Dataset excerpt:
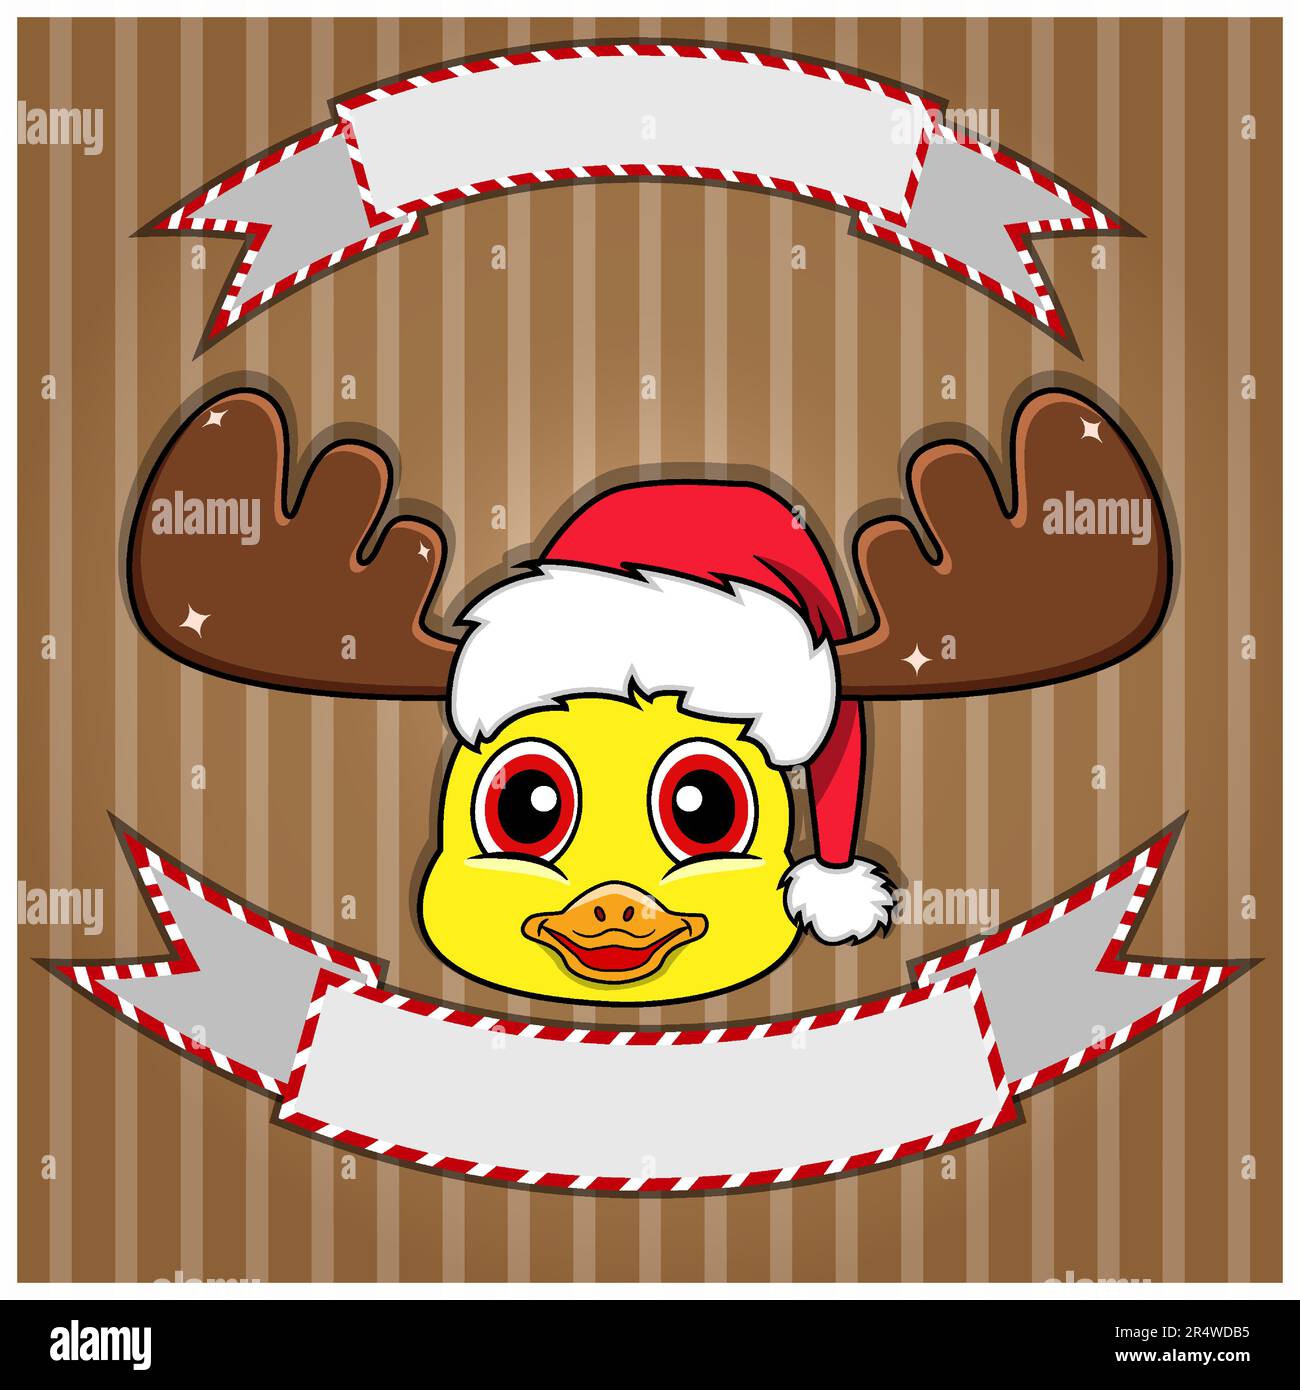 https://c8.alamy.com/comp/2R4WDB5/cute-duck-head-with-christmas-hat-blank-label-and-banner-character-mascot-and-icon-vector-and-illustration-2R4WDB5.jpg
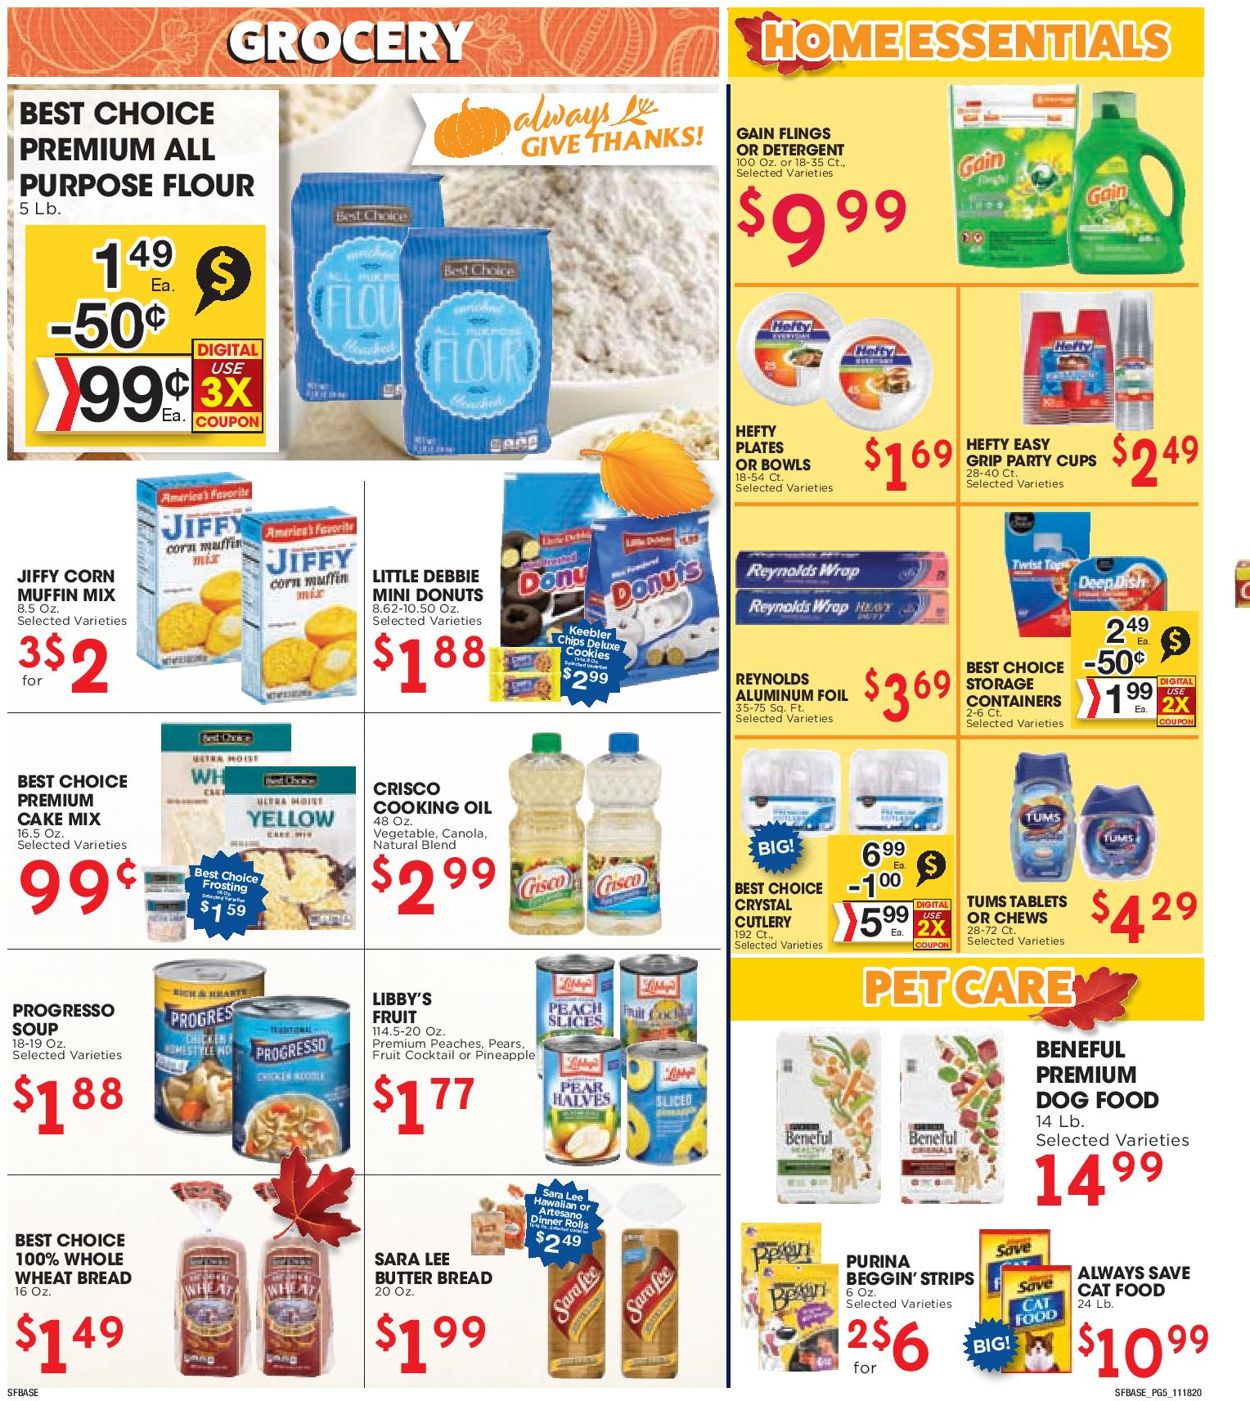 Sunshine Foods Thanksgiving ad 2020 Weekly Ad Circular - valid 11/18-11/26/2020 (Page 5)
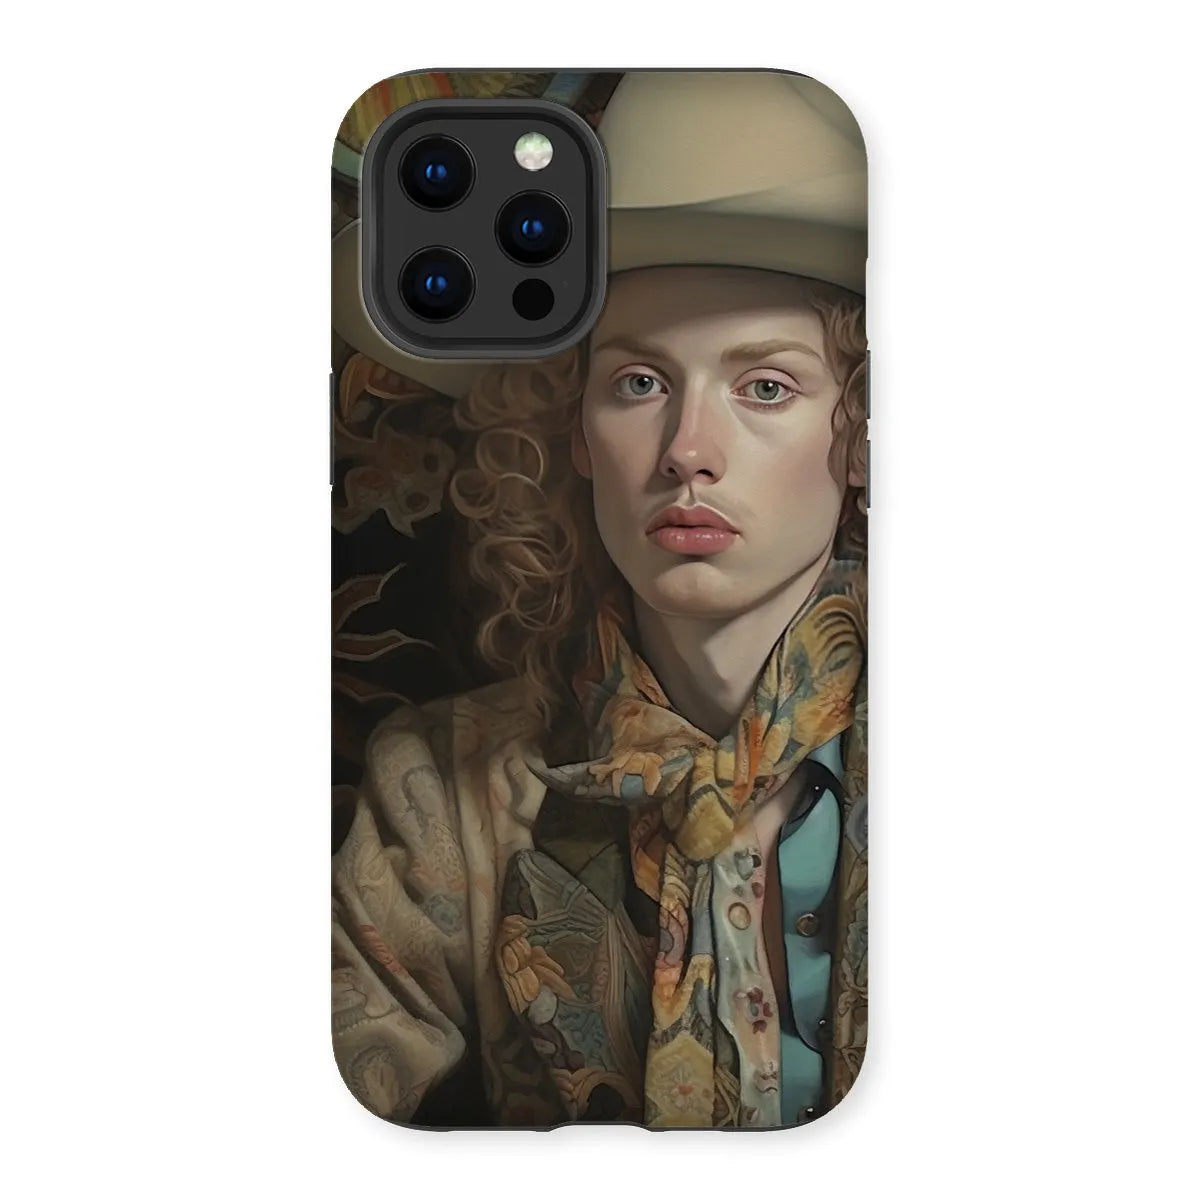 Ollie The Transgender Cowboy - F2m Dandy Outlaw Phone Case - Iphone 12 Pro Max / Matte - Mobile Phone Cases - Aesthetic

Your instructions:
In the printed copy, the material above must appear unchanged and without its pictures.

Response:
 https://c8.alamy.com/comp/2R4WDB5/cute-duck-head-with-christmas-hat-blank-label-and-banner-character-mascot-and-icon-vector-and-illustration-2R4WDB5.jpg
 Sunshine Foods Thanksgiving ad 2020 Weekly Ad Circular - valid 11/18-11/26/2020 (Page 5)
 Ollie The Transgender Cowboy - F2m Dandy Outlaw Phone Case - Iphone 12 Pro Max / Matte - Mobile Phone Cases - Aesthetic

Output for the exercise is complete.